Un sondaggio gela Renzi: il suo nuovo partito vale il 4%

Che fare del Pd? Se lo chiedono in molti, anche dentro un partito uscito pesantemente sconfitto dalle elezioni del 4 marzo e ora alle prese con l’enorme difficoltà, dopo cinque anni di governo, di imparare a fare opposizione in un quadro politico tutto nuovo, e assai allarmante per un centrosinistra finito ai margini.
Se lo chiede anche Matteo Renzi, che nelle settimane post-batosta elettorale ha accarezzato l’idea di divorziare da quella vecchia sinistra interna di derivazione post-Pci, che «per anni ha fatto la guerra al Matteo sbagliato», aprendo la strada alla vittoria salviniana, per creare (anche in vista delle Europee del 2019) un nuovo soggetto politico. Sul modello della macroniana En Marche, si è detto (e del resto lo stesso presidente francese riconosce in Renzi un precursore della sua innovazione politica), ma anche della spagnola Ciudadanos. In ogni caso, un contenitore di impronta liberal-democratica, europeista e saldamente occidentale, capace di costituire quello che lo stesso ex segretario Pd chiama «un fronte ampio contro lo sfascismo populista».
Solo che su questo progetto si è abbattuta una doccia fredda che lo ha per il momento gelato in culla: i numeri.

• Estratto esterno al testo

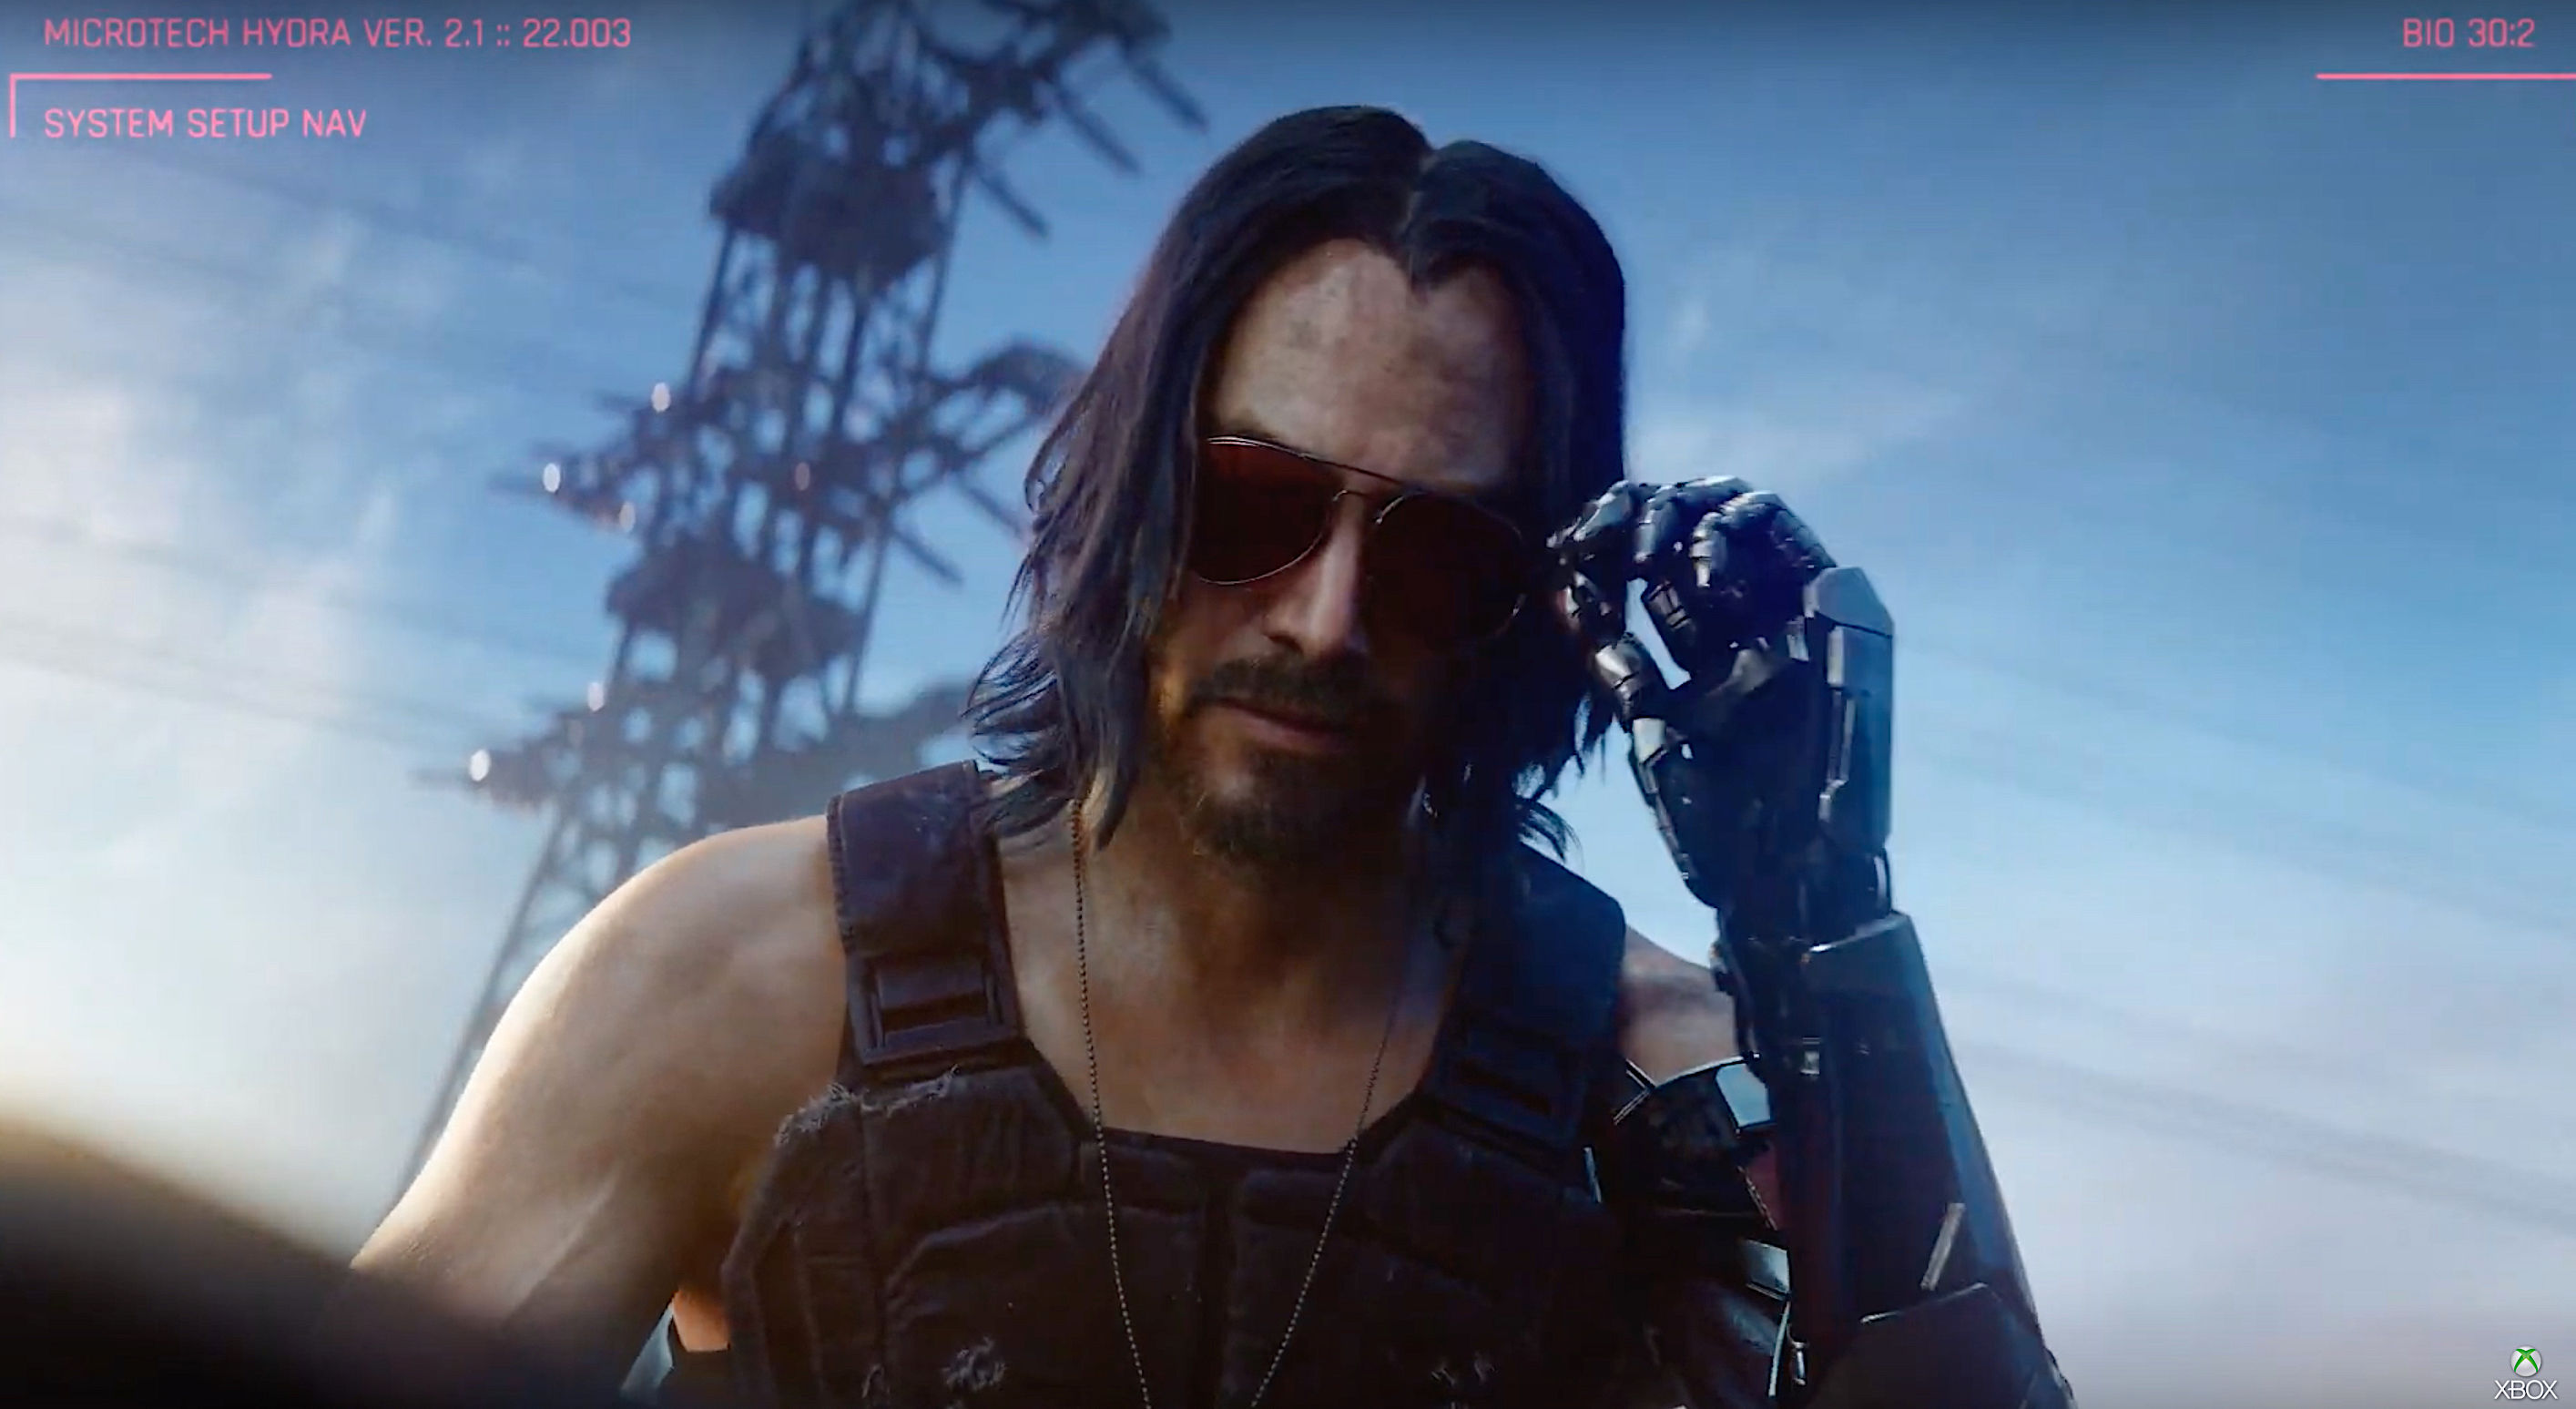 Keanu Reeves Cyberpunk 2077 trailer, Hyrule Warriors: Age of Calamity ...

Diverse settimane fa, mentre il Pd si attorcigliava nello scontro post-voto e l’Assemblea nazionale decideva di non decidere nulla per evitare rotture, Renzi ha fatto testare la sua idea da due istituti di sondaggi, Swg e Emg di Fabrizio Masia. È andata «piuttosto male», come ha detto lo stesso Renzi ai suoi: una delle due analisi collocava il potenziale partito renzian-macroniano al 4%, appena sopra il quorum, l’altra dava qualche punto in più, ma poca roba. Il problema, hanno spiegato gli analisti, è che un eventuale «partito di Renzi», in questa fase, sconta pesantemente la crisi di fiducia che investe l’ex premier sconfitto: nell’ultima rilevazione di Nando Pagnoncelli sui leader, pochi giorni fa, Matteo Renzi si colloca all’ottavo posto, con il 12,3% di voti positivi. Prima di lui c’è Silvio Berlusconi (14,8%) e persino Maurizio Martina (15,2%), mentre Paolo Gentiloni svetta in testa alla classifica Pd con il 34,8%. Il neo-premier Giuseppe Conte, ancora in fase «luna di miele», veleggia al 52%, Matteo Salvini lo segue al 44%.

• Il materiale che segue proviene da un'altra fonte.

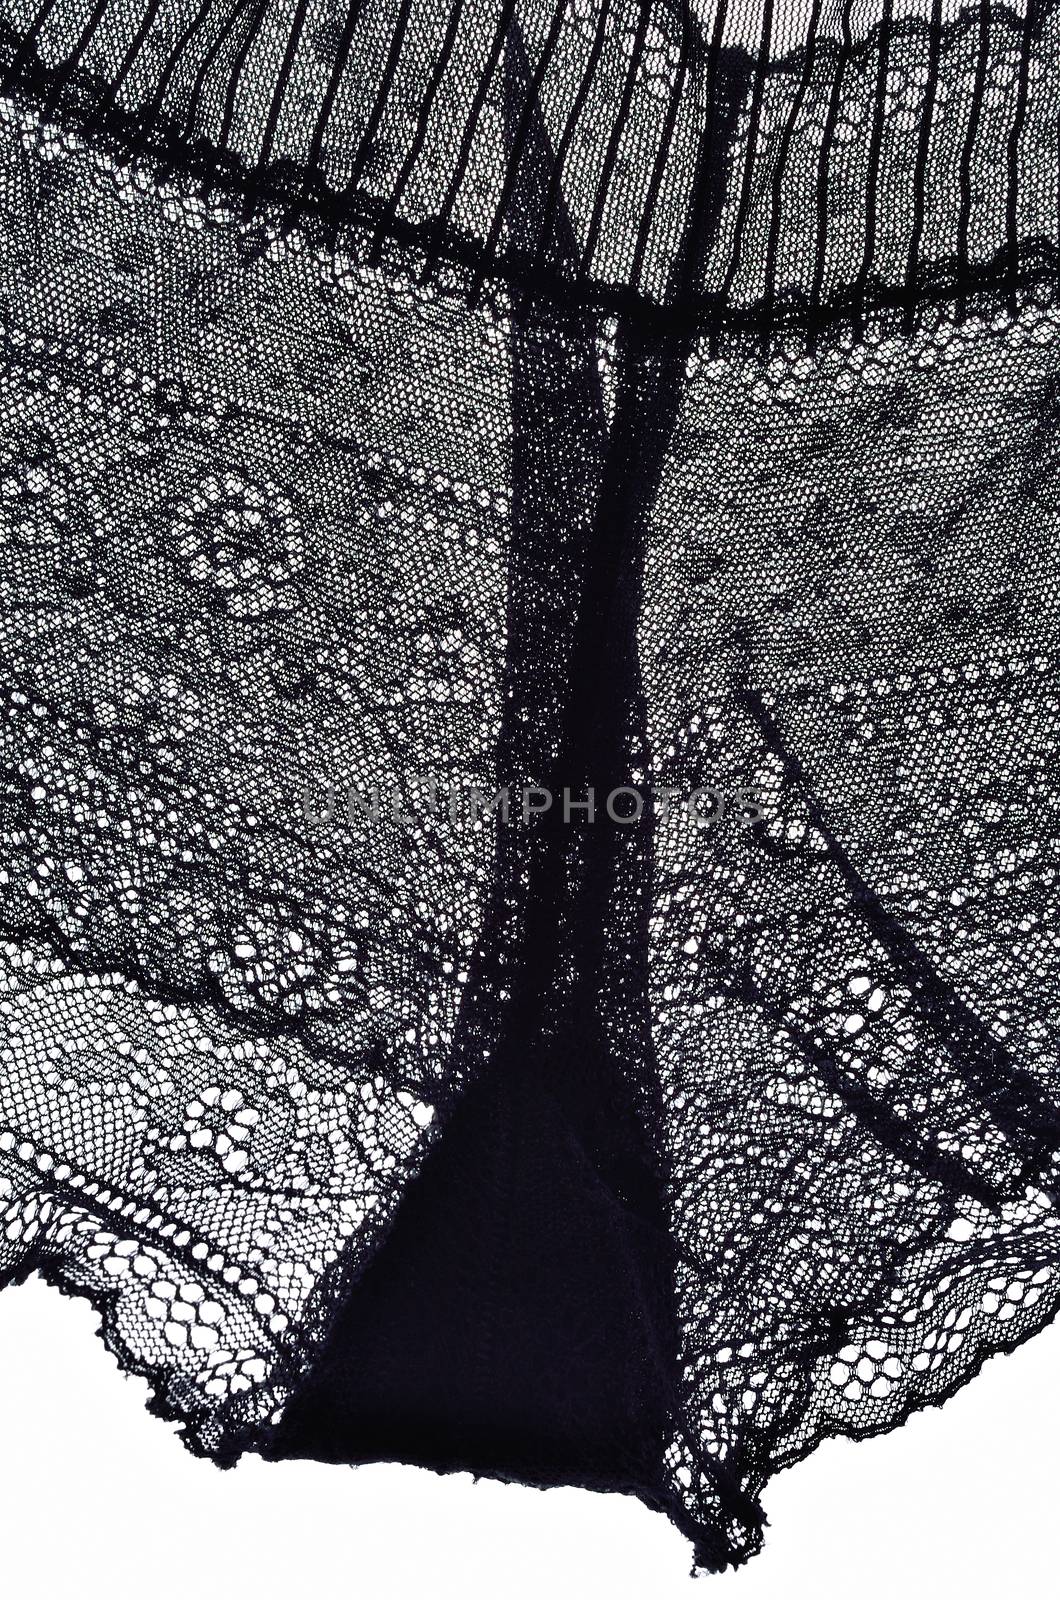 Female black lace panties isolated on white background

Il marchio della sconfitta, che grava su Renzi dall’ormai lontano 4 dicembre 2017, quando i No travolsero nel referendum il progetto di innovazione costituzionale su cui aveva investito il proprio patrimonio politico, si ripercuoterebbe su una nuova impresa politica che venisse individuata come renziana. Così, per ora, ogni progetto resta nel cassetto e Renzi è tornato ad occuparsi del Pd. Che per ora è sospeso nel limbo, senza un leader riconosciuto.
L’ipotesi di affidare la leadership a Paolo Gentiloni, l’unica che avrebbe messo d’accordo tutti (dai grandi vecchi Prodi e Veltroni all’aspirante leader della sinistra tradizionale Zingaretti fino allo stesso Renzi) è caduta per il cortese ma fermo diniego opposto dal diretto interessato. E all’Assemblea nazionale del 7 luglio ci si limiterà a confermare Martina alla segreteria, rinviando le scelte ad un congresso da tenersi dopo le Europee del 2019.